Monday 19 November 2012

Not high-brow, or low-brow, but always with an arched brow...


No! 
No sun - no moon!
No morn - no noon -
No dawn - no dusk - no proper time of day.
No warmth, no cheerfulness, no healthful ease,
No comfortable feel in any member -
No shade, no shine, no butterflies, no bees,
No fruits, no flowers, no leaves, no birds -
November!

Thomas Hood 1844

Dear Emily,

I don't expect you will feel quite the same as Mr Hood did about the month of November, as you don't live in a London that was at that time full of smog. Your central heating also helps.

Thomas Hood was a writer who was chiefly a humourist.
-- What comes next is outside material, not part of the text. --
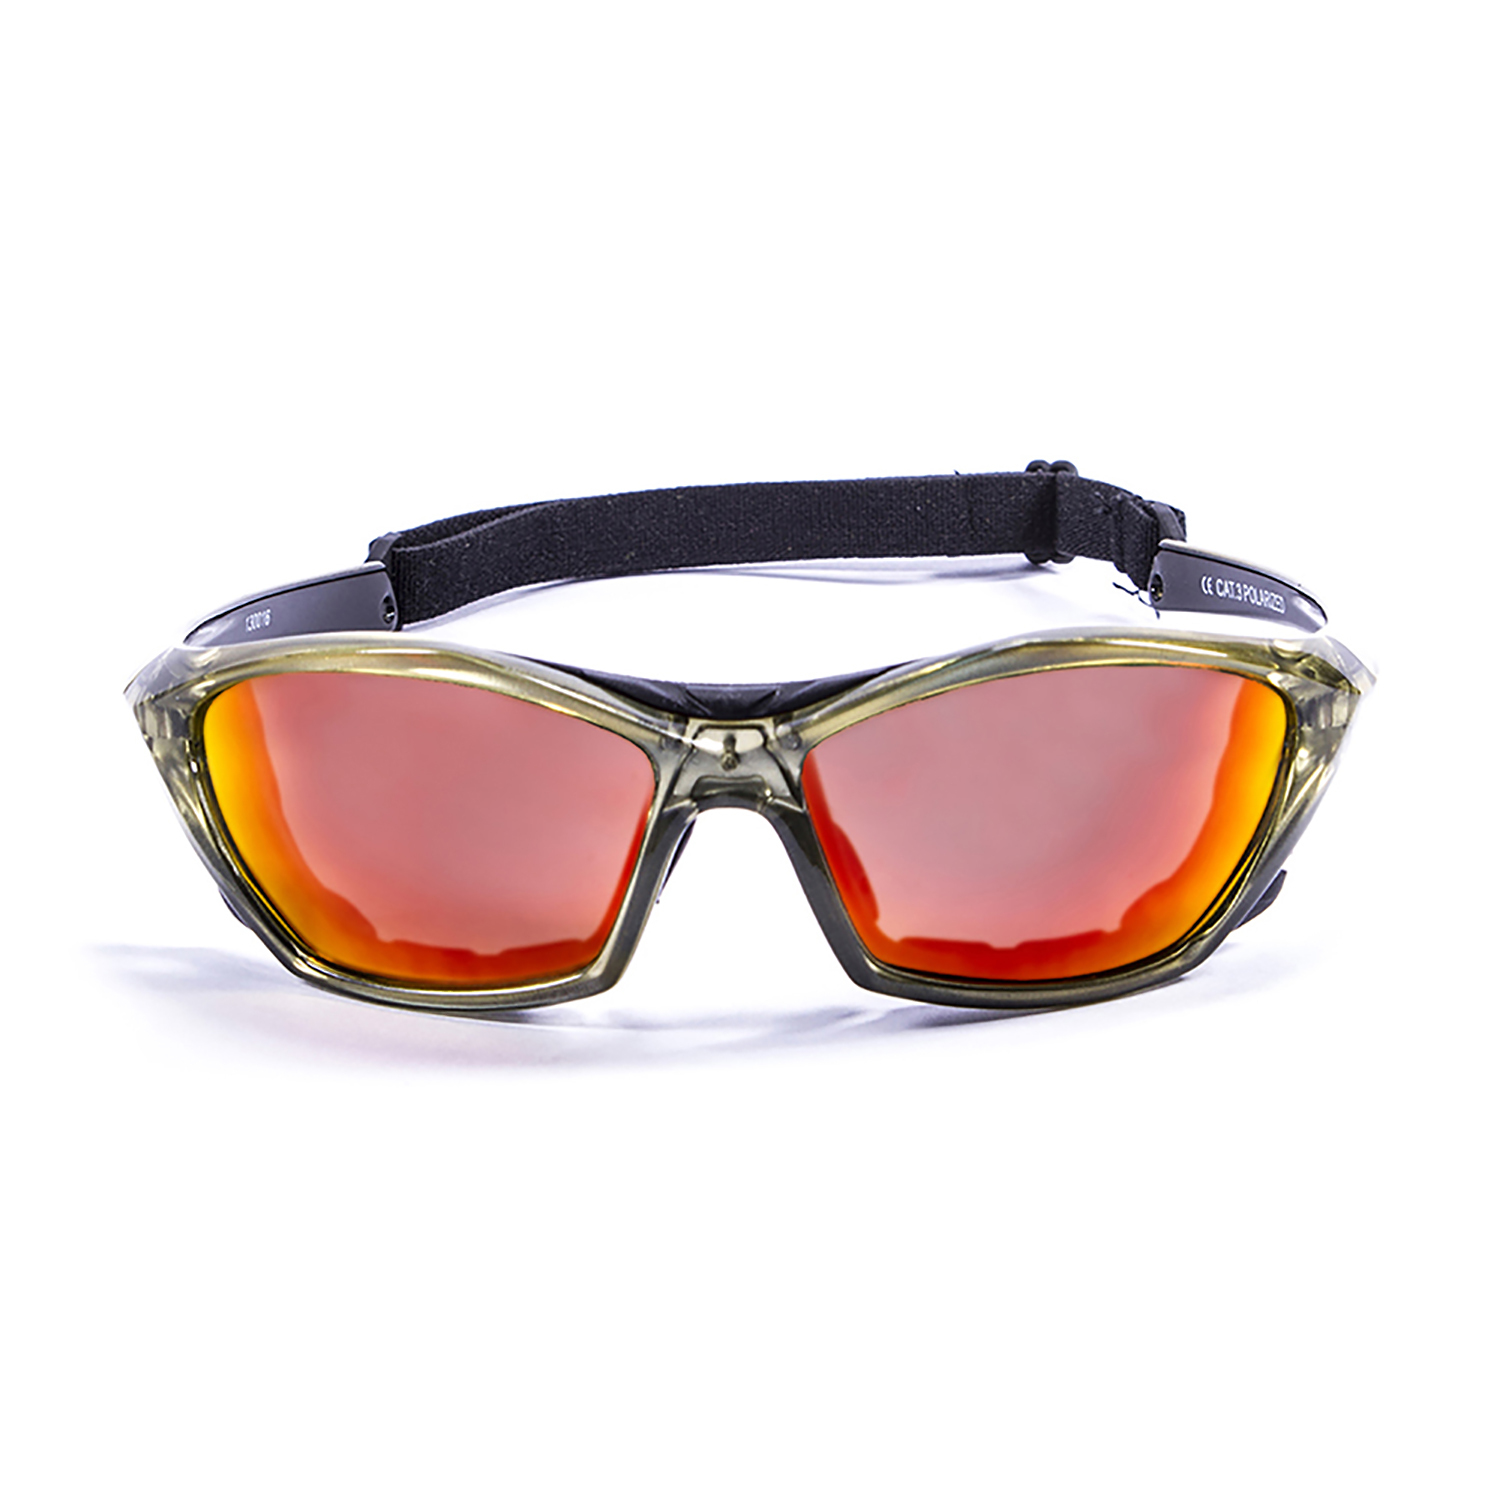 Vehla очки купить. Спортивные солнцезащитные очки. Очки для яхтинга. Очки для кайтсерфинга. Солнцезащитные очки для яхтинга.
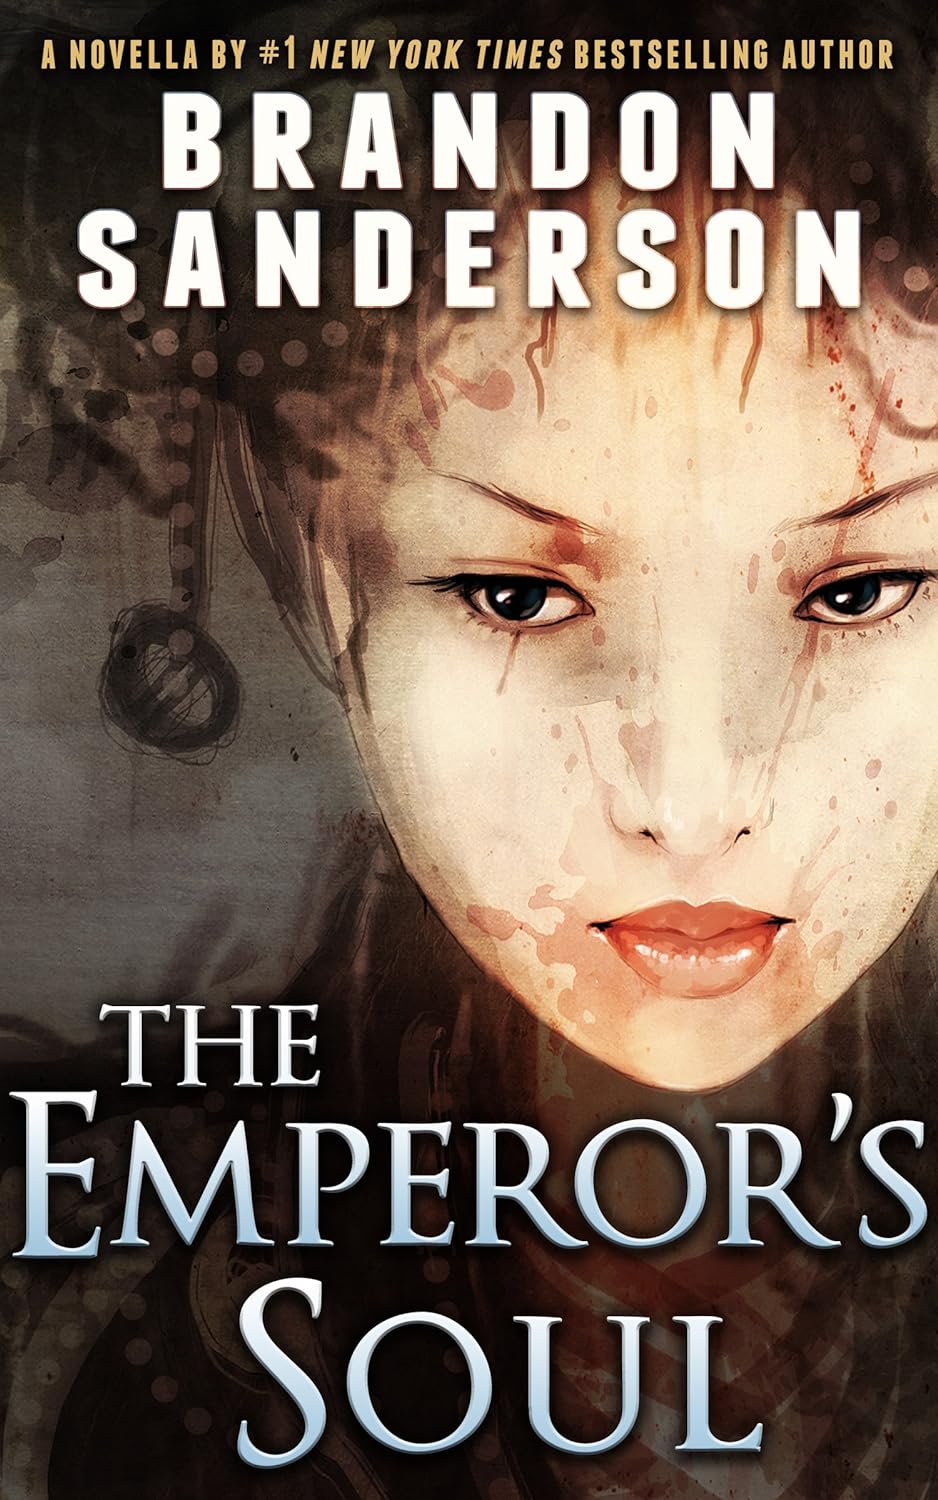 The Emperor's Soul by Brandon Sanderson (Kindle eBook) $0.99 via Amazon

Working in a time that as Thomas Carlyle espoused- all the great thinkers were 'in some sense a product of the force that the French revolution had induced'. Dickens took on the mantle of writer about social demographic and deprivation, Tennyson was given the Laureate-ship by Queen Victoria in an effort to lift the public morale and in his turn, Hood was at the birth of satire and pun into popularity via Punch, and before with his own Editorship at 'The Comic Times'.

It seems to me that at this point in history, satirists, parody-makers and even burlesques ( though these by definition had an attitude of aggression towards the quality of the original ) began to fall into two camps.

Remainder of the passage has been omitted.